What’s in a voice? Why record oneself reading a poem that also exists on paper? In recent decades, scholars have sought to answer these questions, giving due credit to the art of poetry performance in the anglophone world. Now Aleksandra Kremer trains a sharp ear on modern Polish poetry, assessing the rising importance of authorial sound recordings during the tumultuous twentieth century in Eastern Europe.

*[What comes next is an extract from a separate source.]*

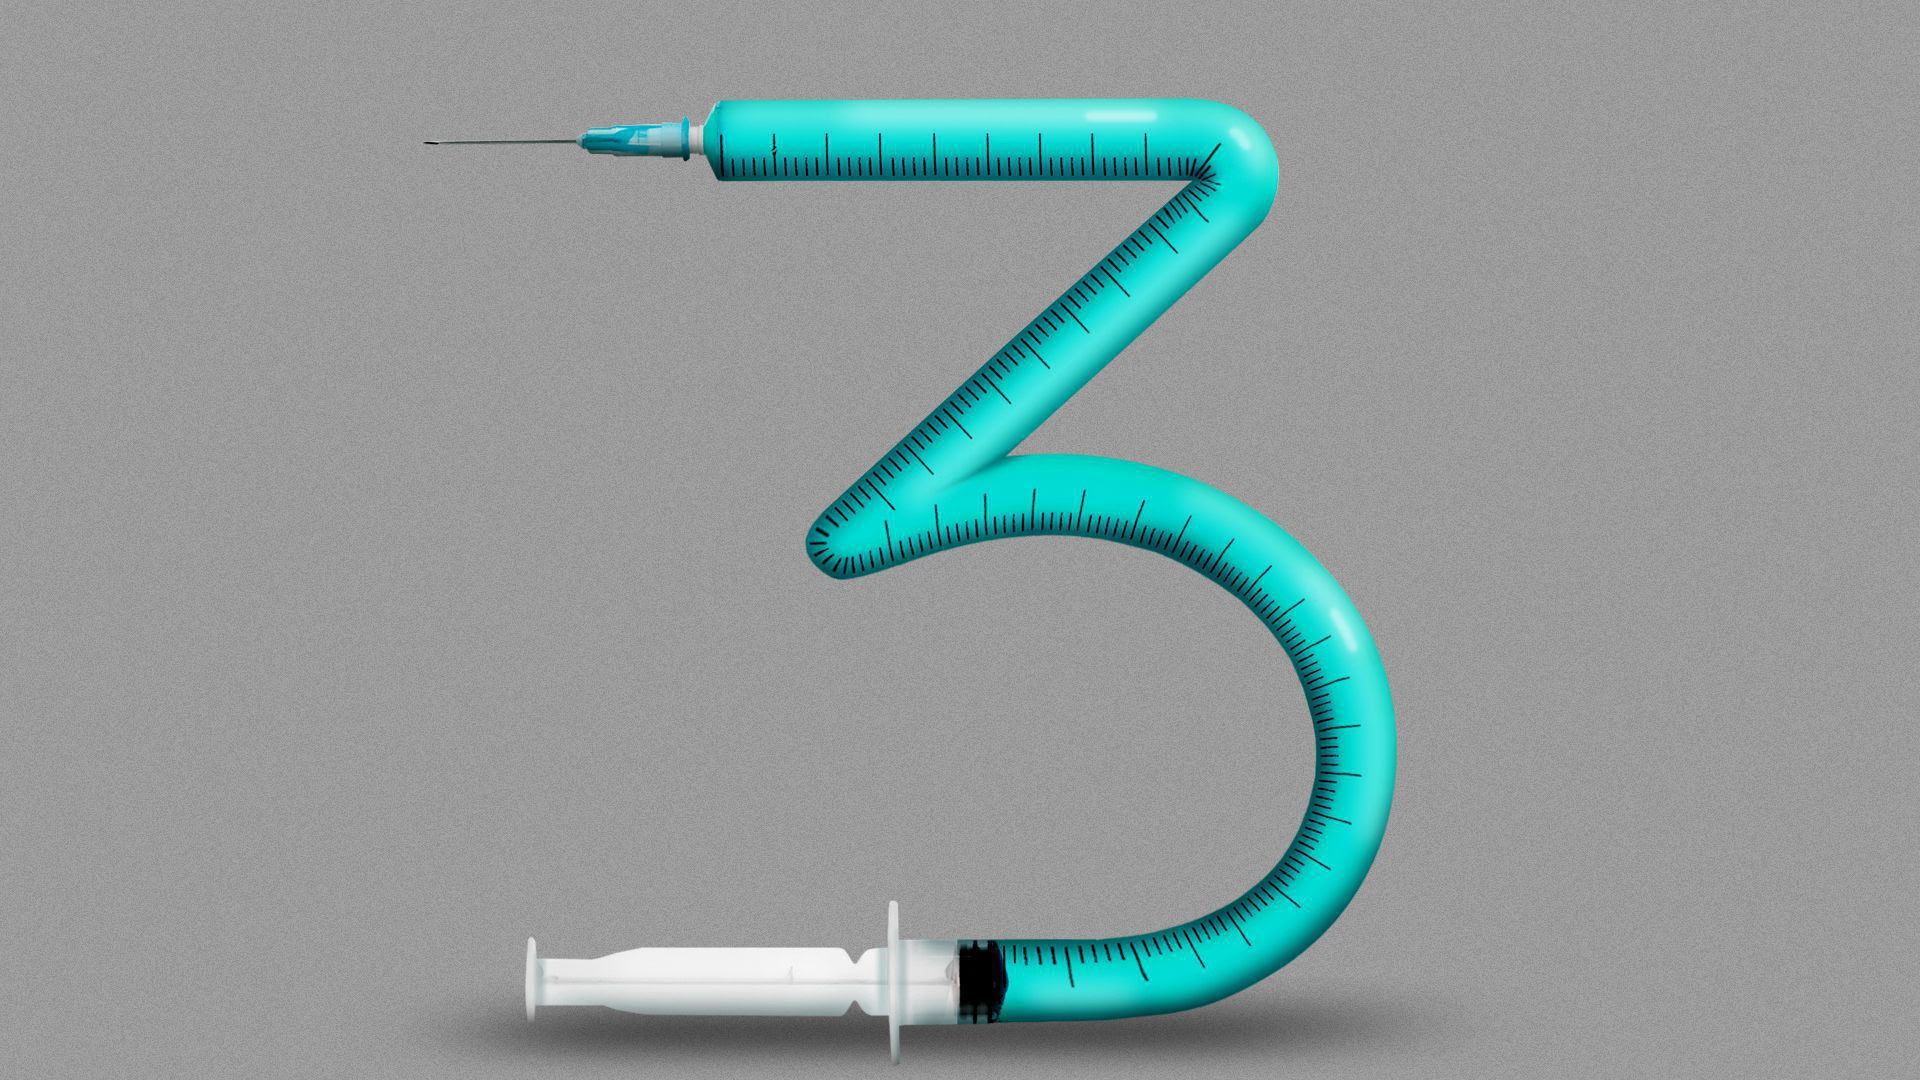 A vaccine needle in the shape of a 3

Kremer traces the adoption by key Polish poets of performance practices intimately tied to new media. In Polish hands, tape recording became something different from what it had been in the West, shaped by its distinctive origins behind the Iron Curtain. The Sound of Modern Polish Poetry reconstructs the historical conditions, audio technologies, and personal motivations that informed poetic performances by such luminaries as Czesław Miłosz, Wisława Szymborska, Aleksander Wat, Zbigniew Herbert, Miron Białoszewski, Anna Swir, and Tadeusz Różewicz. Through performances both public and private, prepared and improvised, professional and amateur, these poets tested the possibilities of the physical voice and introduced new poetic practices, reading styles, and genres to the Polish literary scene. Recording became, for these artists, a means of announcing their ambiguous place between worlds.

Kremer’s is a work of criticism as well as recovery, deploying speech-analysis software to shed light on forgotten audio experiments—from poetic “sound postcards,” to unusual home performances, to the final testaments of writer-performers. Collectively, their voices reveal new aesthetics of poetry reading and novel concepts of the poetic self.